RFC 009: Sized Integer Types & Builtin Type Registry¶
Status: Planned
Created: 2024-12-11
Updated: 2024-12-23
Summary¶
Add explicit sized integer and float types to Incan, enabling precise control over numeric representation for FFI, binary protocols, and memory-sensitive applications.
This RFC also introduces a Builtin Type Registry infrastructure (Phase 0) that allows incan_core::lang
registries to be the source of truth for builtin type methods, eliminating hardcoded method lookups scattered across
the compiler.
Motivation¶
Currently, Incan has only two numeric types:
int→i64(64-bit signed)float→f64(64-bit float)

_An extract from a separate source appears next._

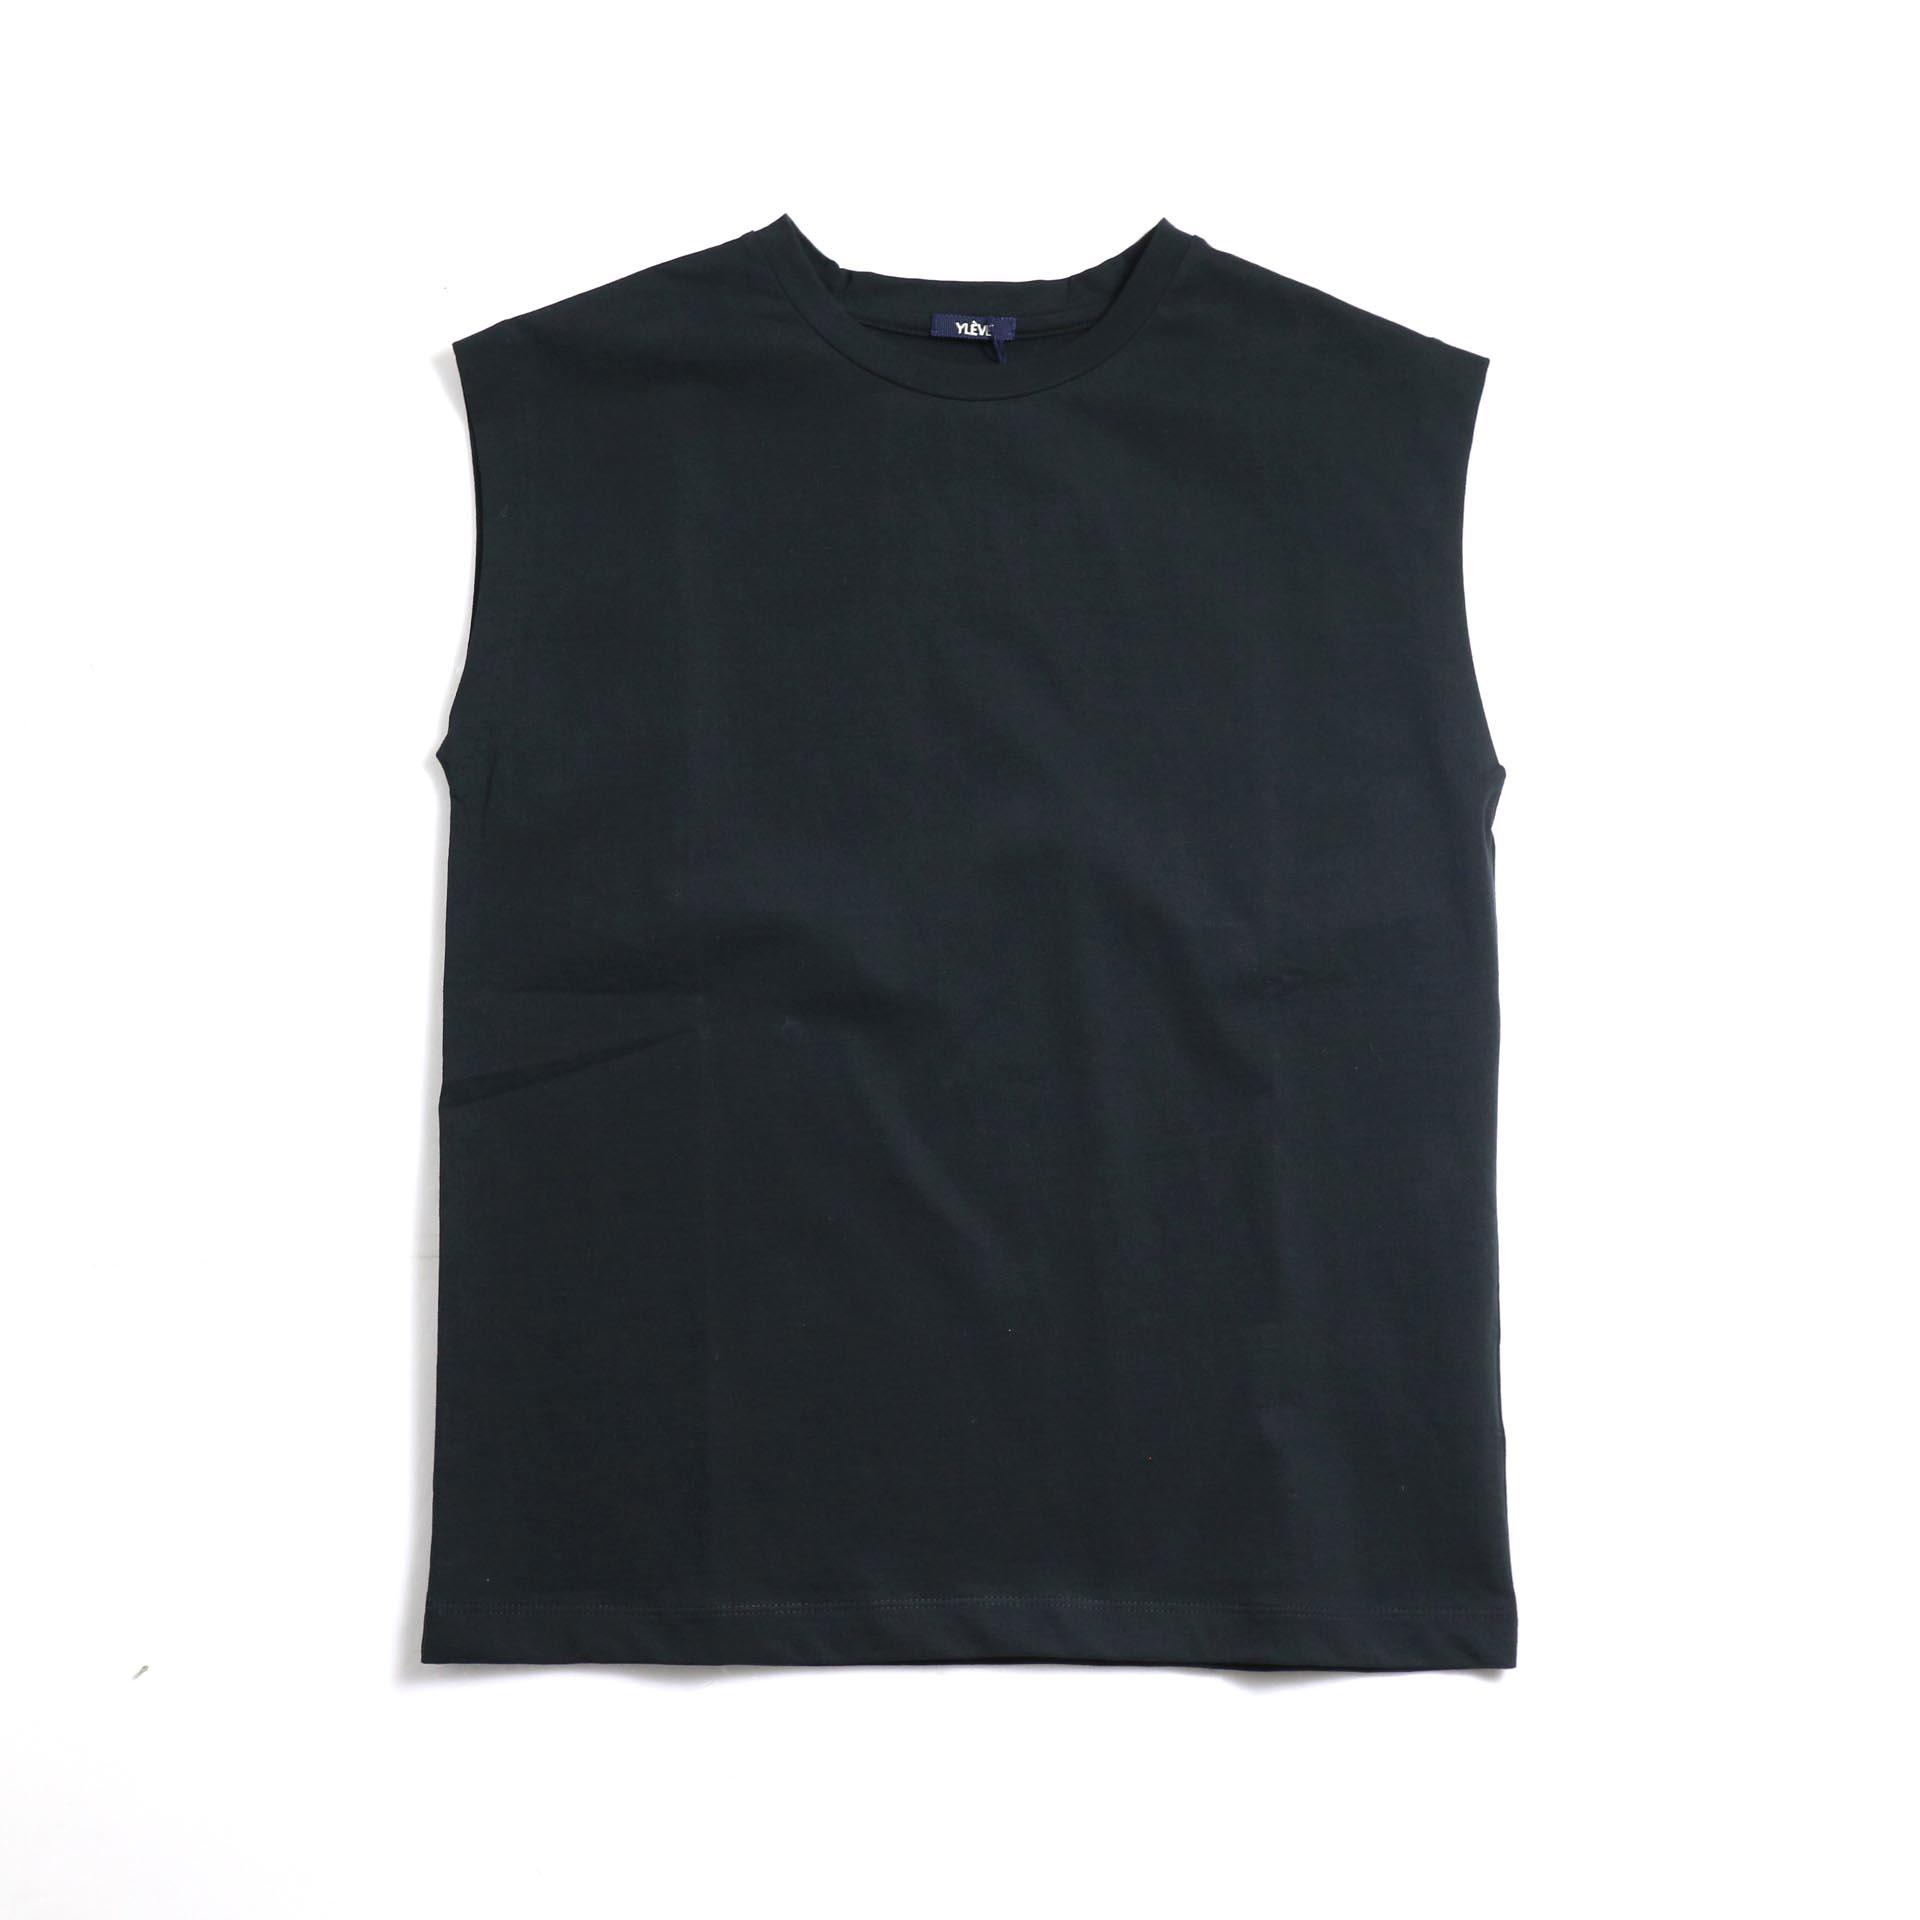 YLEVE / Organic Cotton Bio N/S -Black

This simplicity is great for general-purpose code, but insufficient for:
- FFI / Rust Interop — Calling Rust functions that expect specific sizes
- Binary Protocols — Parsing network packets, file formats (PNG, MP3, etc.)
- Memory Efficiency — Large arrays where
i8vsi64matters (8x difference) - Hardware Interfaces — GPIO pins, registers, embedded systems
- Cryptography — Exact bit-width operations
Example Problem¶
# Current: Can't express this cleanly
from rust::std::net import TcpStream
# TcpStream::connect expects &str, but port is u16 internally
# How do we work with u16 port numbers?
Design¶
New Types¶
| Incan Type | Rust Type | Description |
|---|---|---|
i8 |
i8 |
8-bit signed (-128 to 127) |
i16 |
i16 |
16-bit signed |
i32 |
i32 |
32-bit signed |
i64 |
i64 |
64-bit signed (same as int) |
i128 |
i128 |
128-bit signed |
u8 |
u8 |
8-bit unsigned (0 to 255) |
u16 |
u16 |
16-bit unsigned |
u32 |
u32 |
32-bit unsigned |
u64 |
u64 |
64-bit unsigned |
u128 |
u128 |
128-bit unsigned |
f32 |
f32 |
32-bit float |
f64 |
f64 |
64-bit float (same as float) |
isize |
isize |
Pointer-sized signed |
usize |
usize |
Pointer-sized unsigned |
Type Aliases (Preserved)¶
The existing int and float remain as aliases:
# These are equivalent
x: int # Preferred for general code
x: i64 # Explicit when size matters
y: float # Preferred for general code
y: f64 # Explicit when size matters
Literals¶
Without Suffix (Default)¶
Unsuffixed literals infer type from context, defaulting to int/float:
let x = 42 # int (i64)
let y = 3.14 # float (f64)
let z: i32 = 42 # i32 (from annotation)
With Suffix (Explicit)¶
let a = 42i8 # i8
let b = 42u16 # u16
let c = 42i32 # i32
let d = 42u64 # u64
let e = 3.14f32 # f32
let f = 255u8 # u8
Conversions¶
Explicit Casting Required¶
No implicit narrowing — all conversions are explicit:
let big: i64 = 1000
let small: i16 = big as i16 # Explicit cast (may truncate)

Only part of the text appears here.